Job Description
We are building the technological infrastructure for the year 2026 and beyond. Nexus Horizon Solutions is seeking a visionary AI Research Scientist to spearhead our advanced R&D division.
In this role, you will move beyond current limitations to architect the solutions that define the next decade of human-machine interaction. You will work at the forefront of Generative AI, Cognitive Computing, and Ethical Automation.
If you are passionate about shaping the future and solving humanity's most complex challenges through code, we want to hear from you.
Responsibilities
- Pioneer Next-Gen Models: Design and train state-of-the-art artificial intelligence models capable of autonomous decision-making in complex, unstructured environments.
- Future Tech Integration: Collaborate with engineering teams to integrate 2026-ready predictive technologies into scalable, production-grade applications.
- Research Publication: Author high-impact papers and patents regarding the evolution of ethical AI and advanced neural architectures.

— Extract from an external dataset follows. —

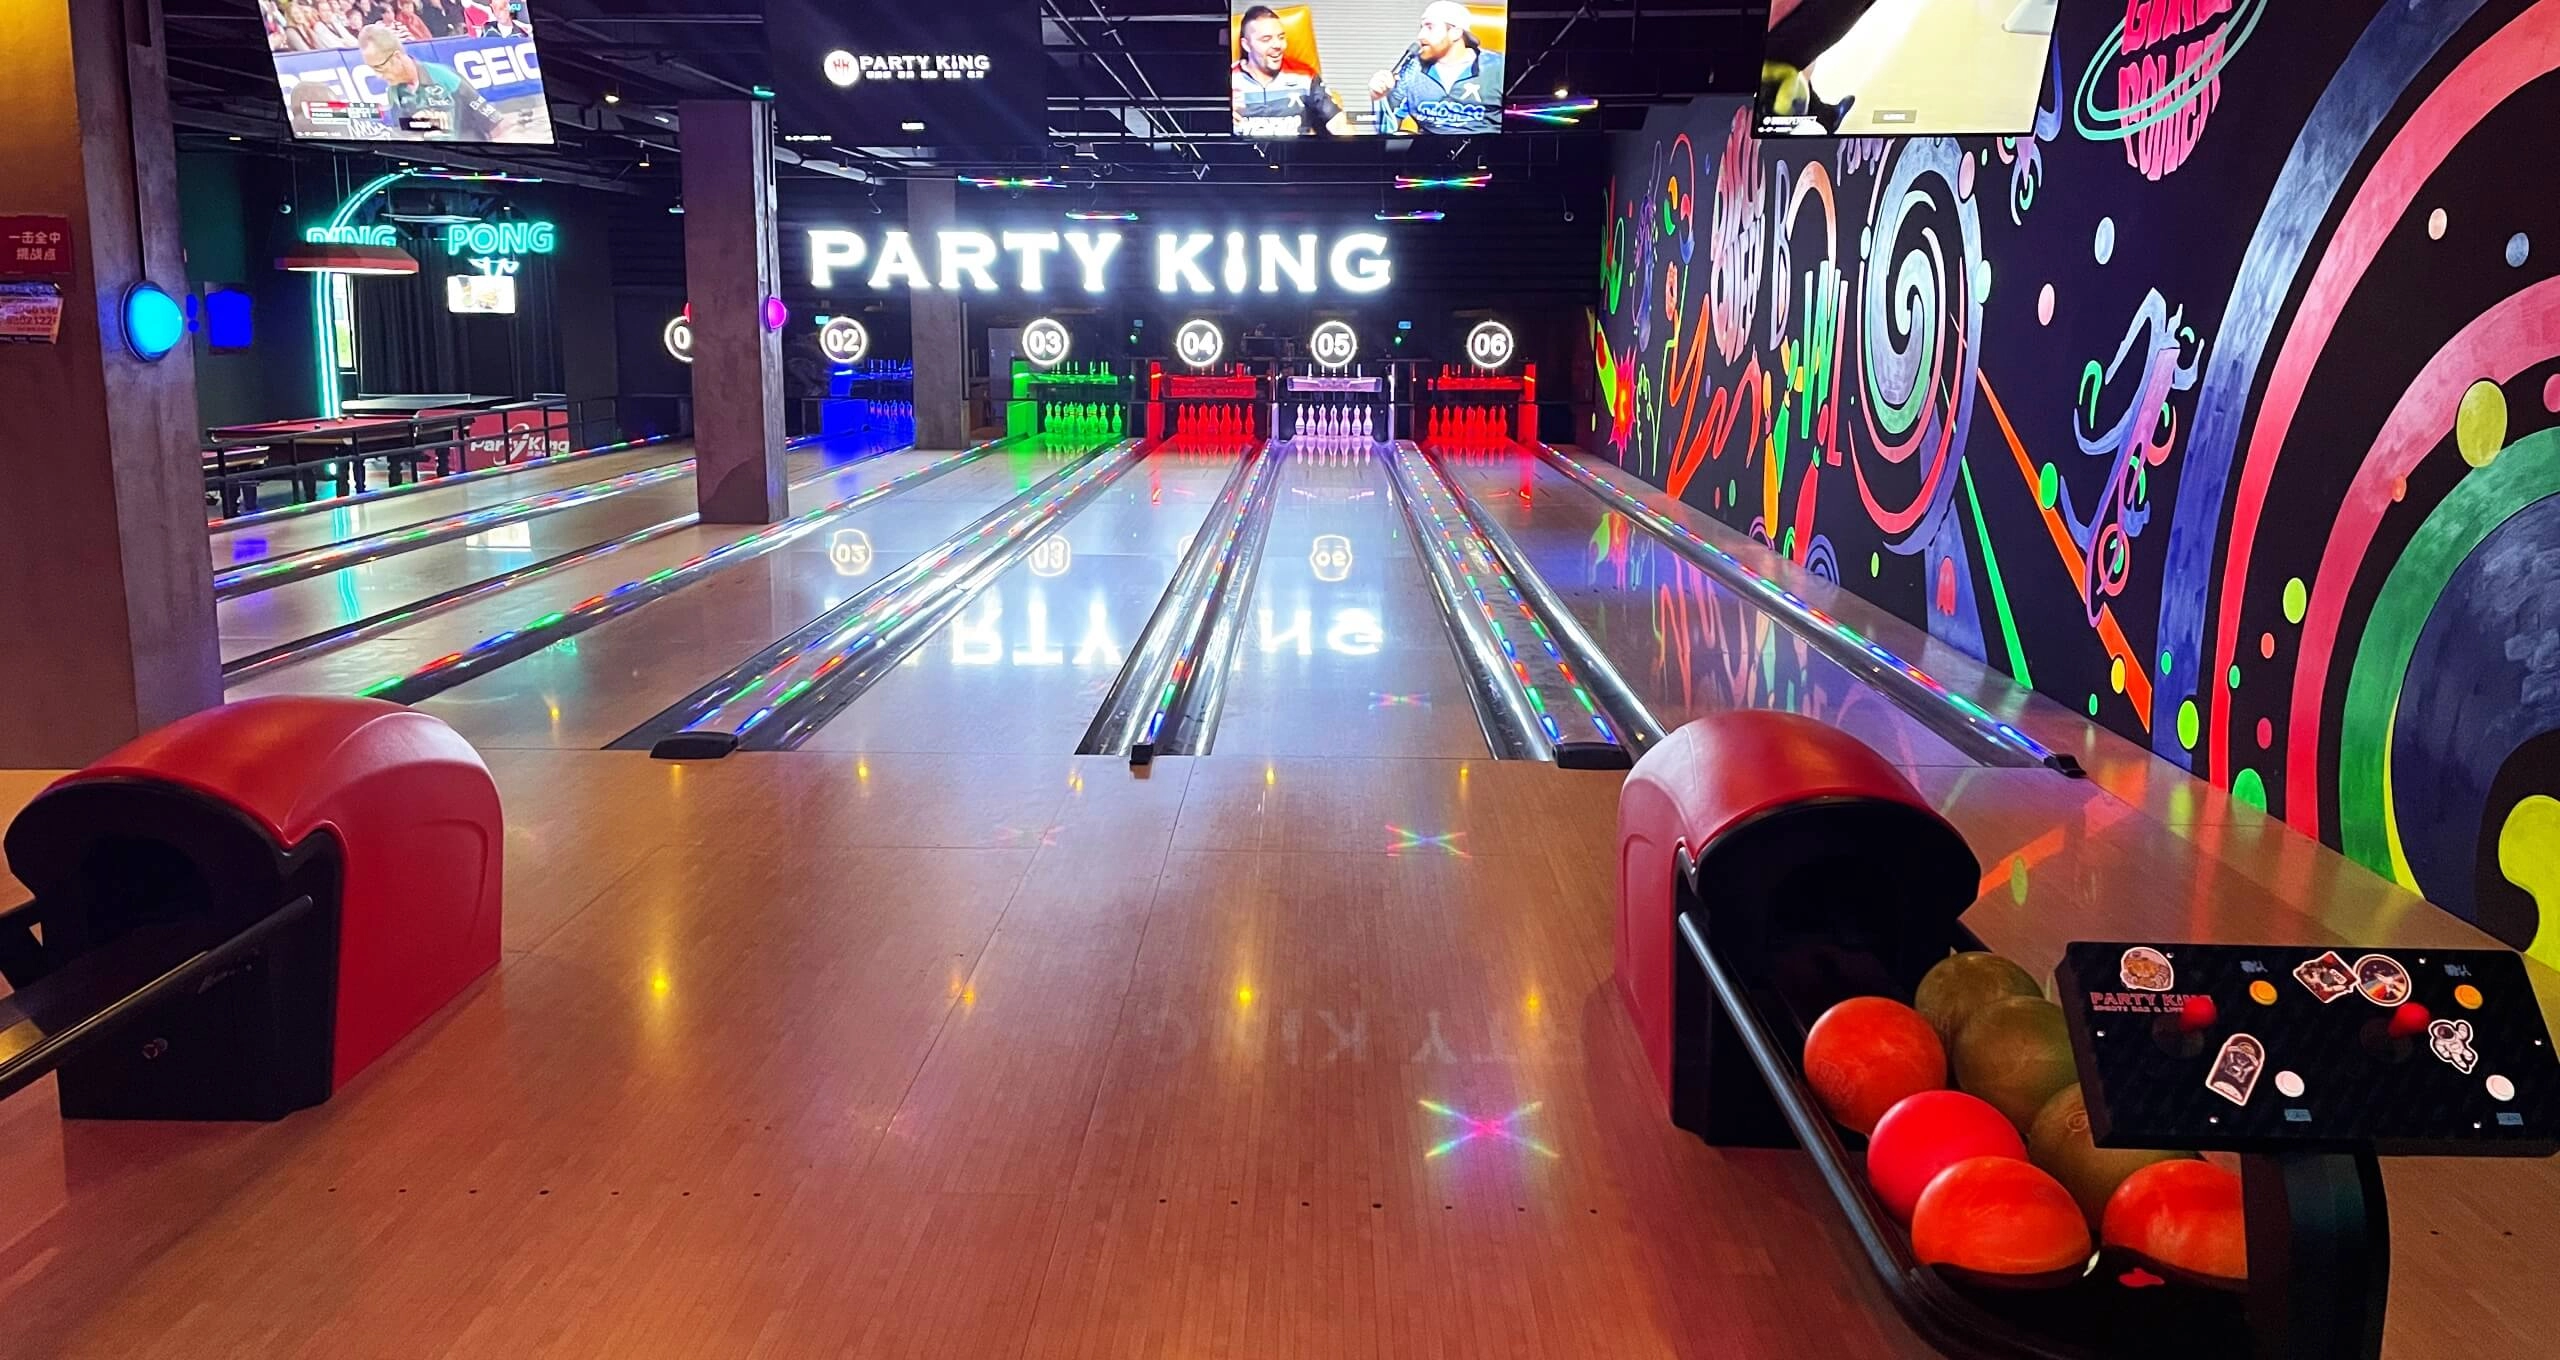 Shanghai Nanhui Party King adult bowling alley Details

- Algorithm Optimization: Push the boundaries of neural network efficiency to minimize computational overhead in real-time, high-volume data streams.
- Leadership & Mentorship: Guide a team of junior researchers and engineers in best practices for deep learning, data science, and scientific inquiry.
Qualifications
- Education: Masterβs or Ph.D. in Computer Science, Artificial Intelligence, Computational Linguistics, or a related quantitative field.

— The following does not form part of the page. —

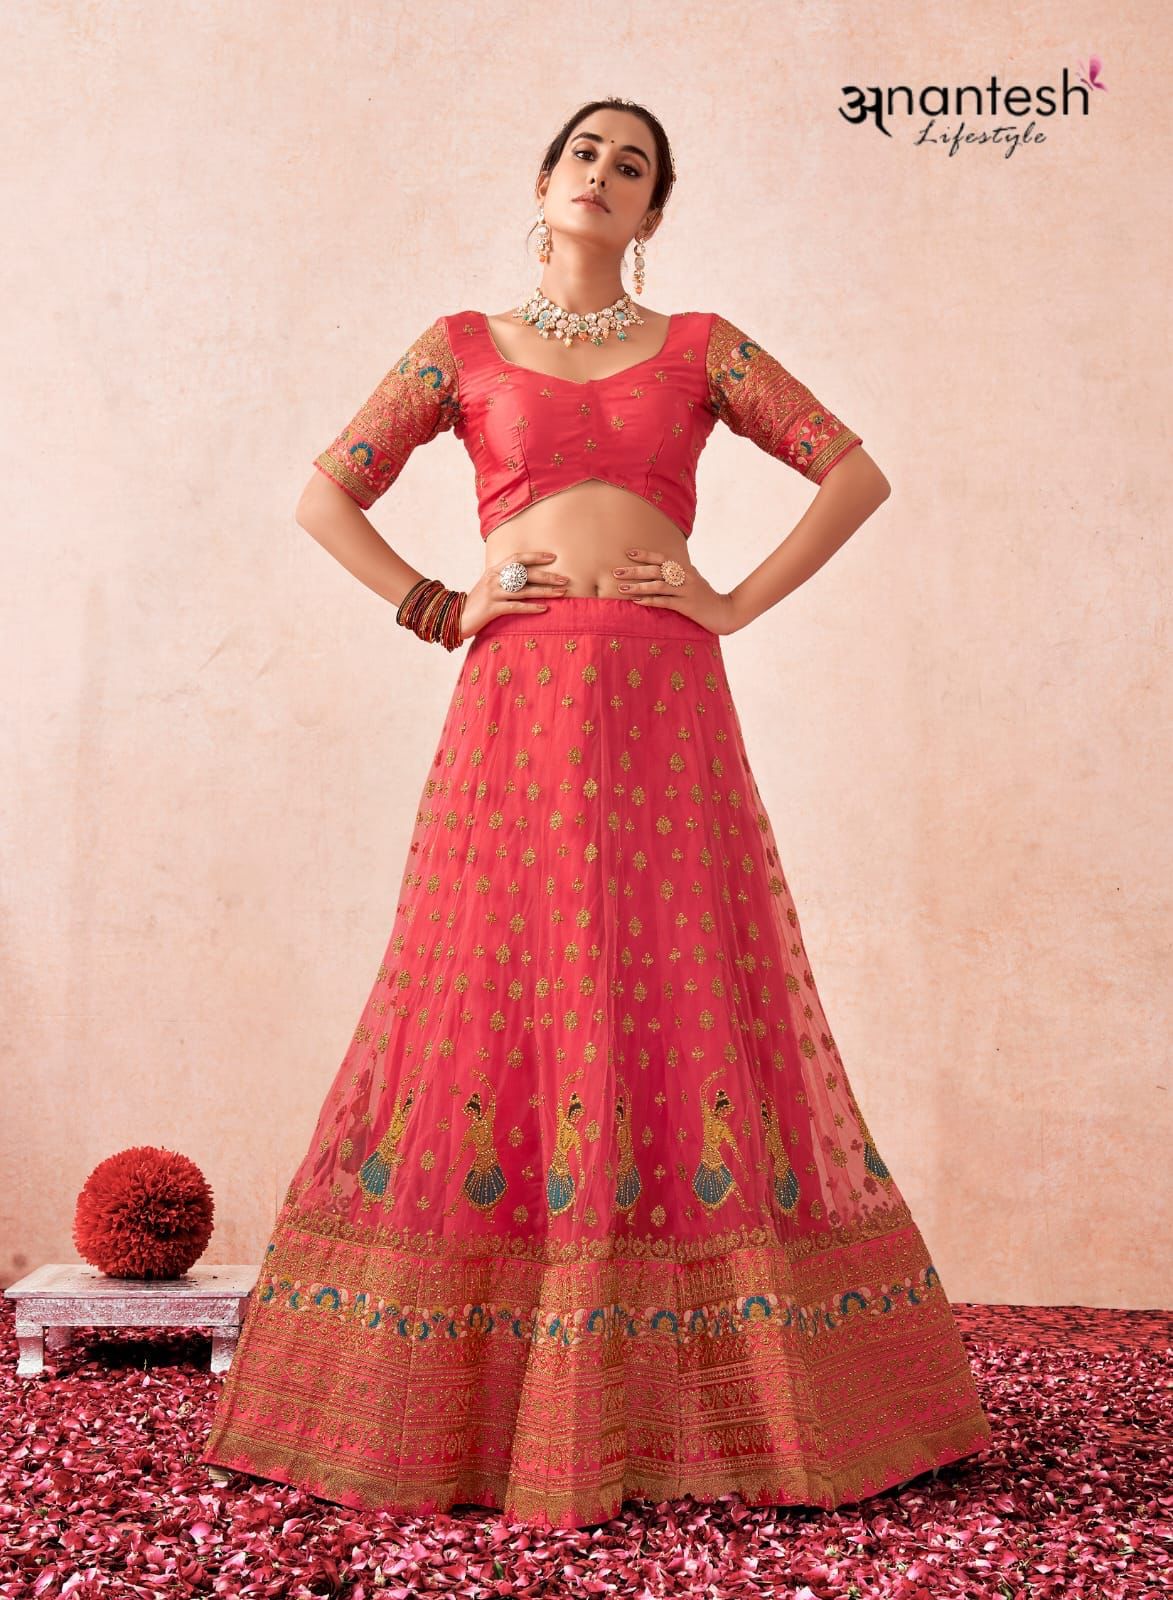 DESIGNER WEDDING BRIDAL PARTY WEAR LEHENGA CHOLI IN HEAVY NET ANANTESH SM 1003 Anant Tex Exports Private Limited

- Technical Proficiency: Expert-level knowledge of Python, PyTorch, and TensorFlow with a deep understanding of deep learning libraries.

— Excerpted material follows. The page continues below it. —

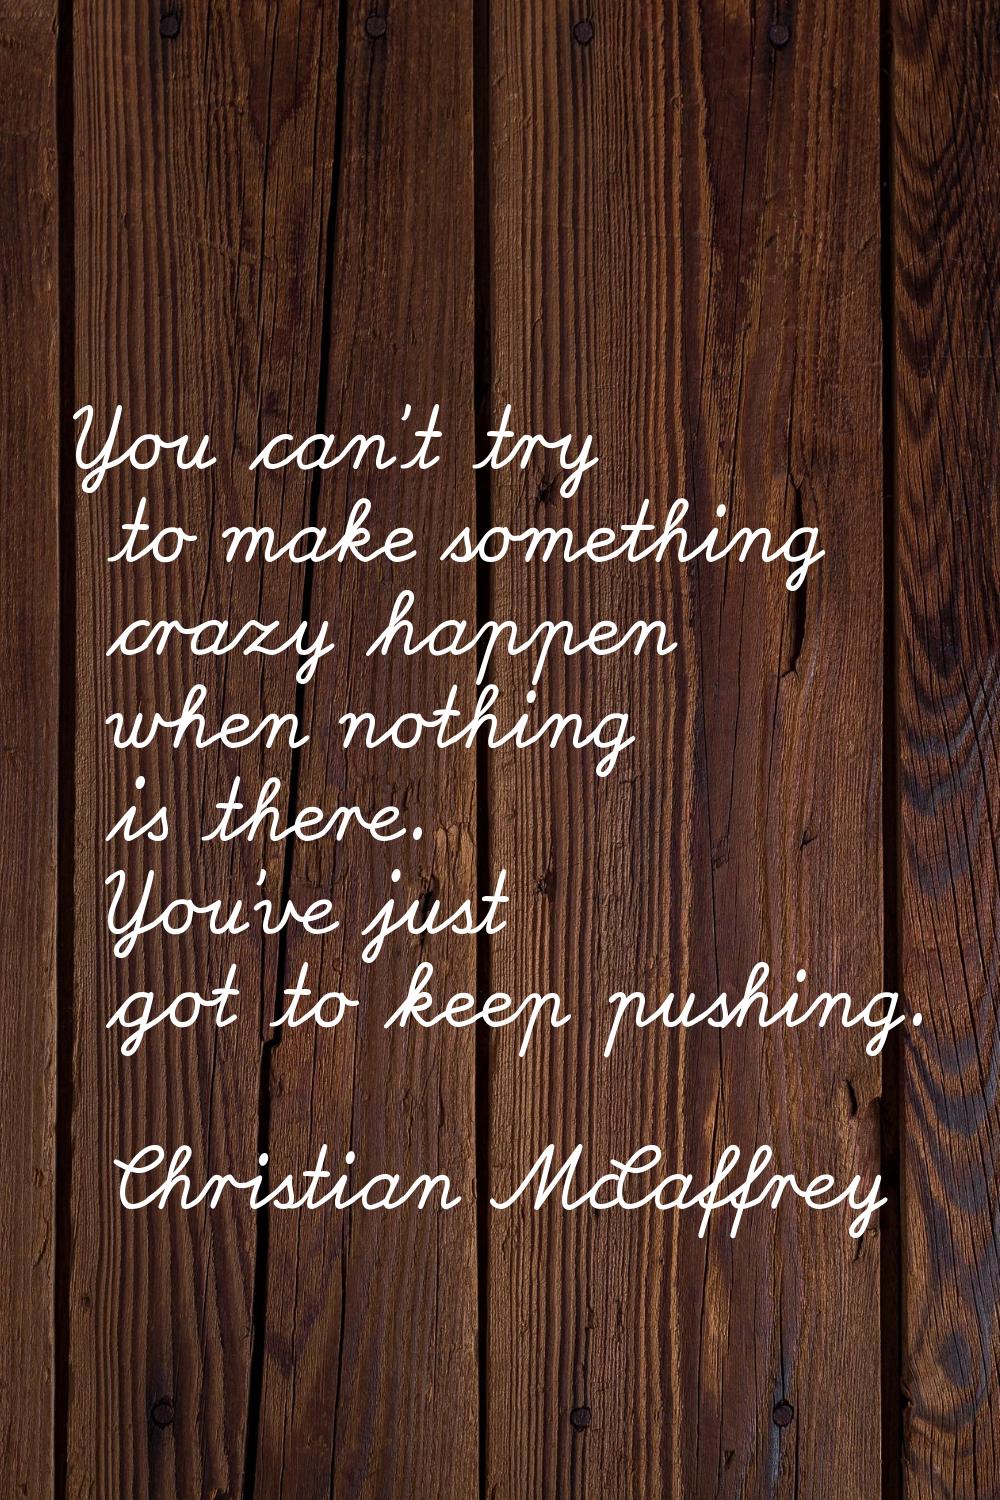 You can't try to make something crazy happen when nothing is there. You've just got to keep pushing

- Experience: 5+ years of professional experience in deep learning, natural language processing (NLP), or computer vision.
- Future-Forward Mindset: Demonstrated ability to anticipate emerging trends and adapt quickly to the rapid pace of technological advancement expected by 2026.
- Problem Solving: Proven track record of solving unsolved problems in large-scale data systems and developing innovative algorithmic approaches.